The following duties are attributed to the cabinet by the Constitution of Estonia:

 executes the domestic and foreign policies of the state;
 directs and co-ordinates the activities of government agencies;
 administers the implementation of laws, resolutions of the Riigikogu (Parliament), and legislation of the President of the Republic of Estonia;
 introduces bills, and submits international treaties to the Riigikogu for ratification and denunciation;
 prepares the draft of the state budget and submits it to the Riigikogu, administers the implementation of the state budget and presents a report on the implementation of the state budget to the Riigikogu;
 issues regulations and orders on the basis of and for the implementation of law;
 manages relations with other states;
 performs other duties which the Constitution and the laws vest in the Government of the Republic.

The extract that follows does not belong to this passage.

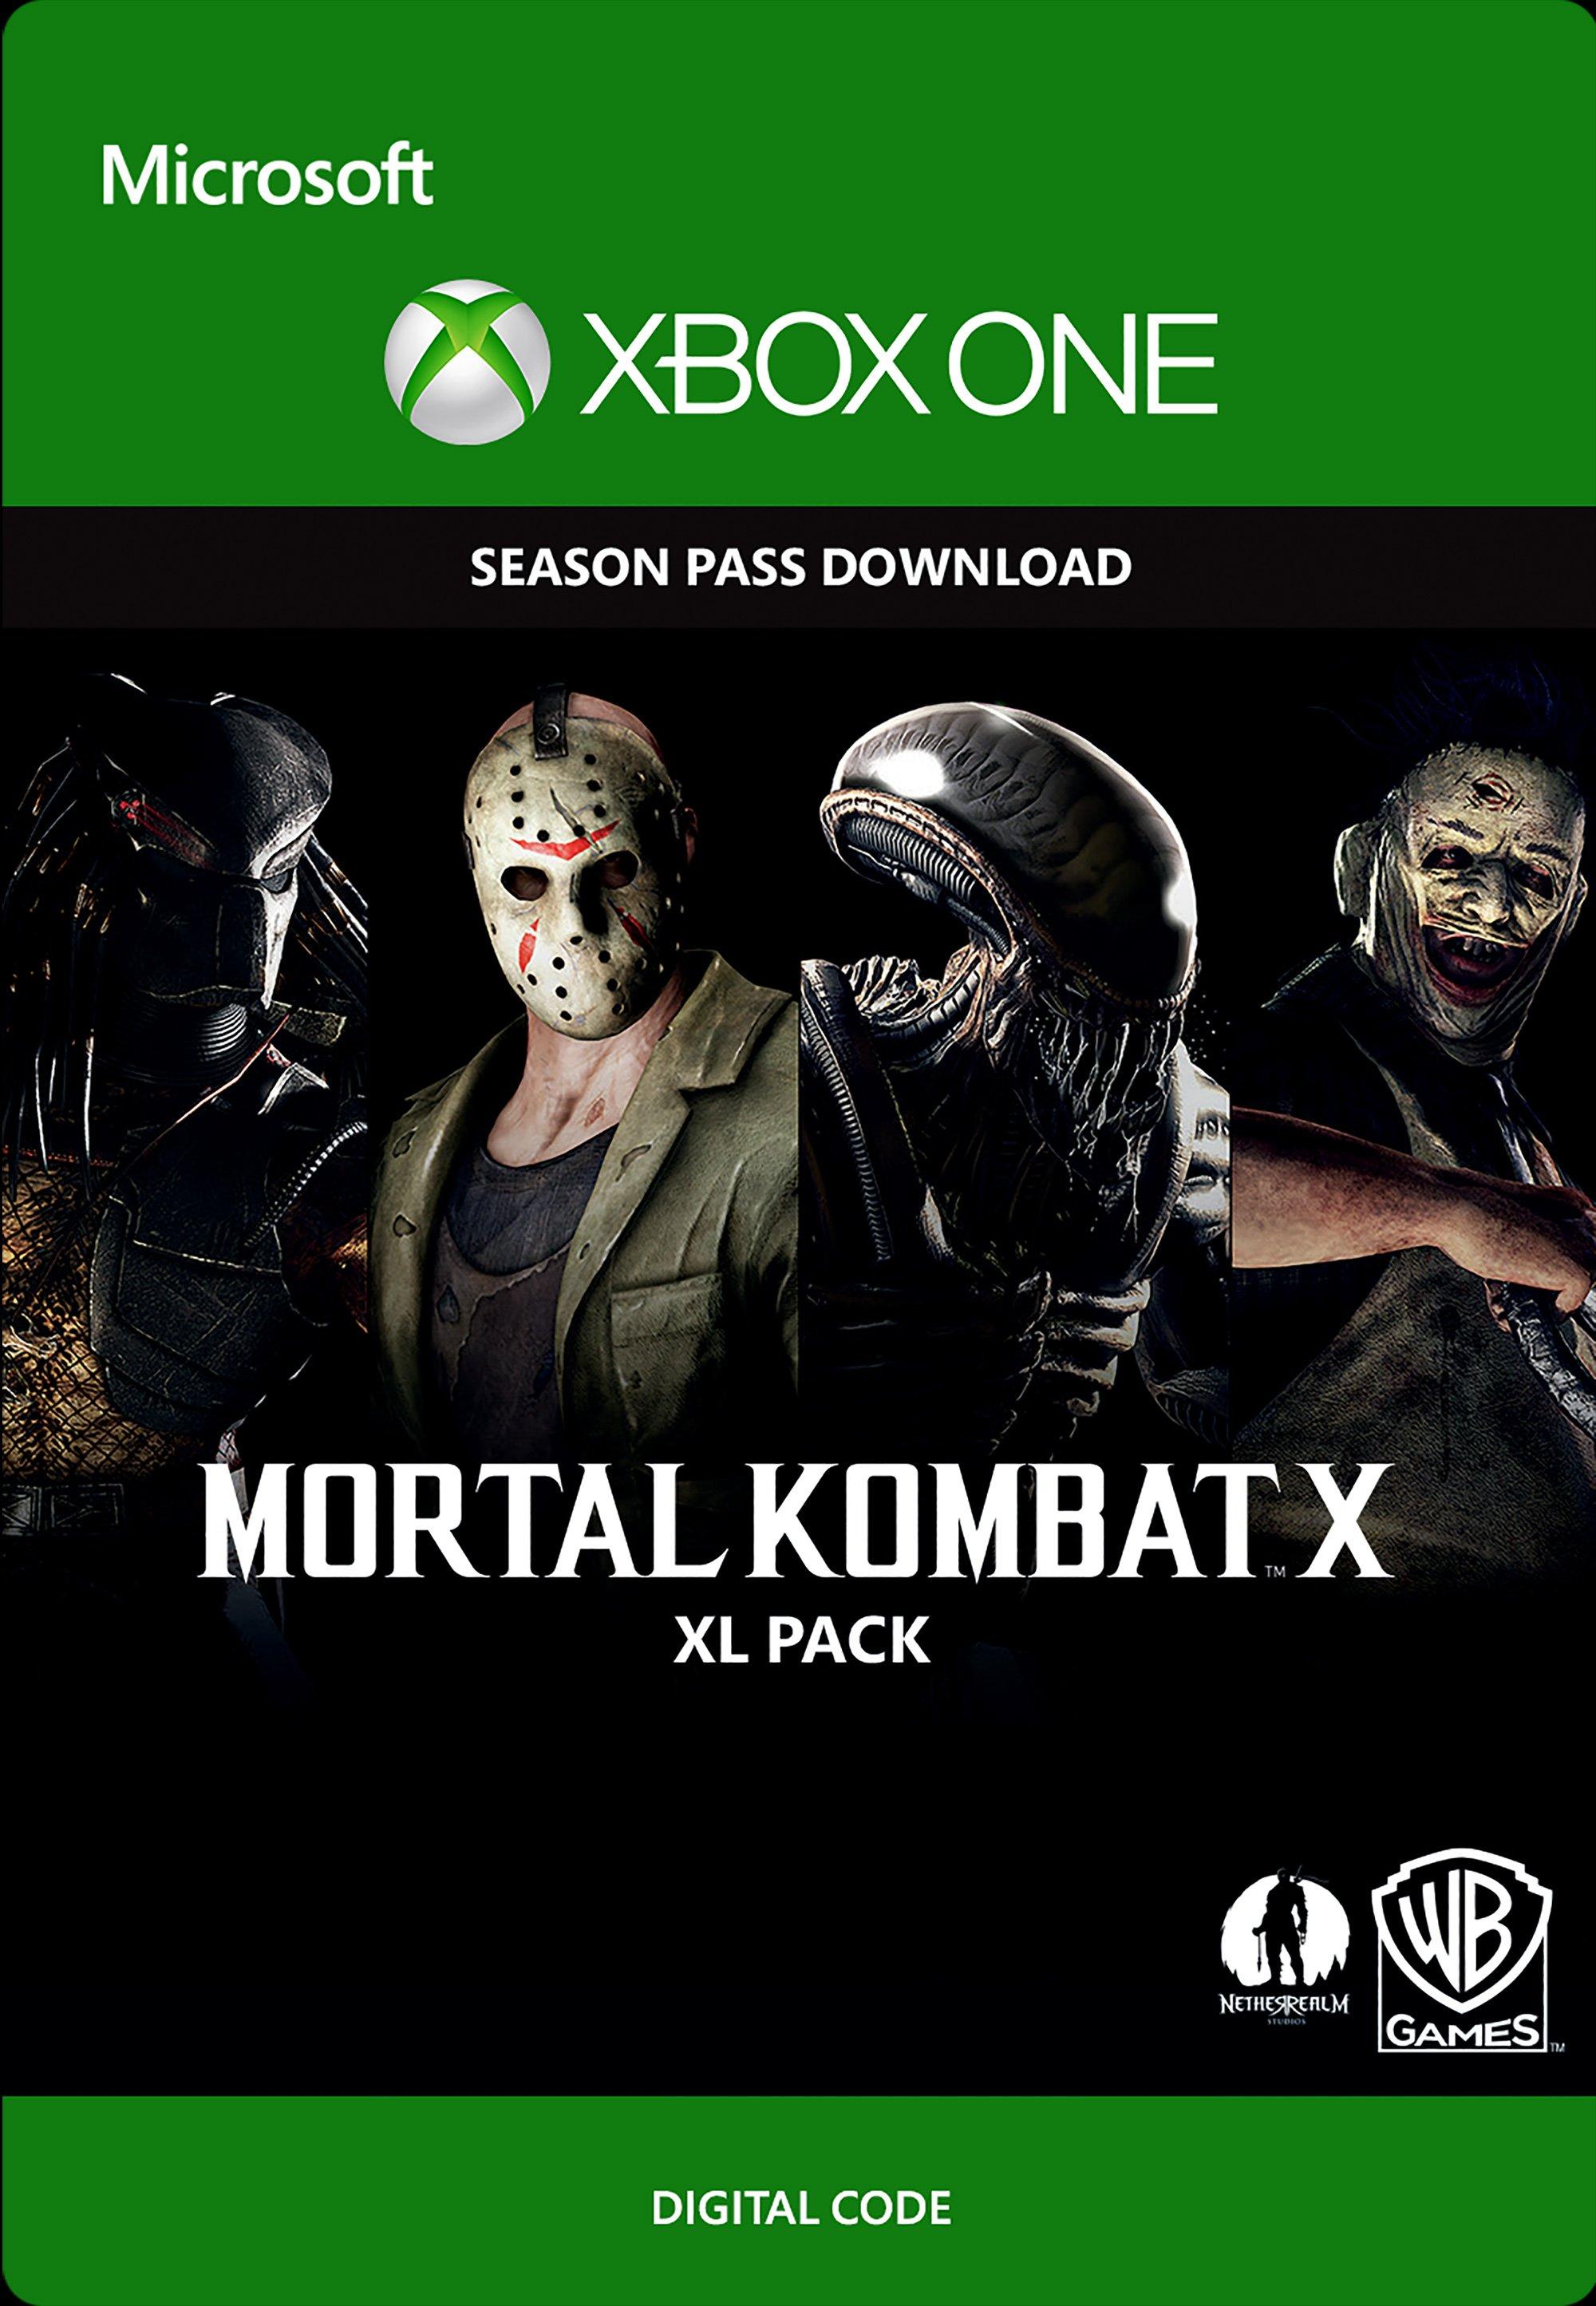 Mortal Kombat Online KOMBAT PASS DLC for PS3

Unlike other cabinets in most other parliamentary regimes, the Government is both the de jure and de facto executive authority in Estonia. In most other parliamentary regimes, the head of state is usually the nominal chief executive, though bound by convention to act on the advice of the cabinet. In Estonia, however, the Constitution explicitly vests executive authority in the Government, not the President.

Current cabinet

The current cabinet was approved by the Riigikogu on  15 July 2022.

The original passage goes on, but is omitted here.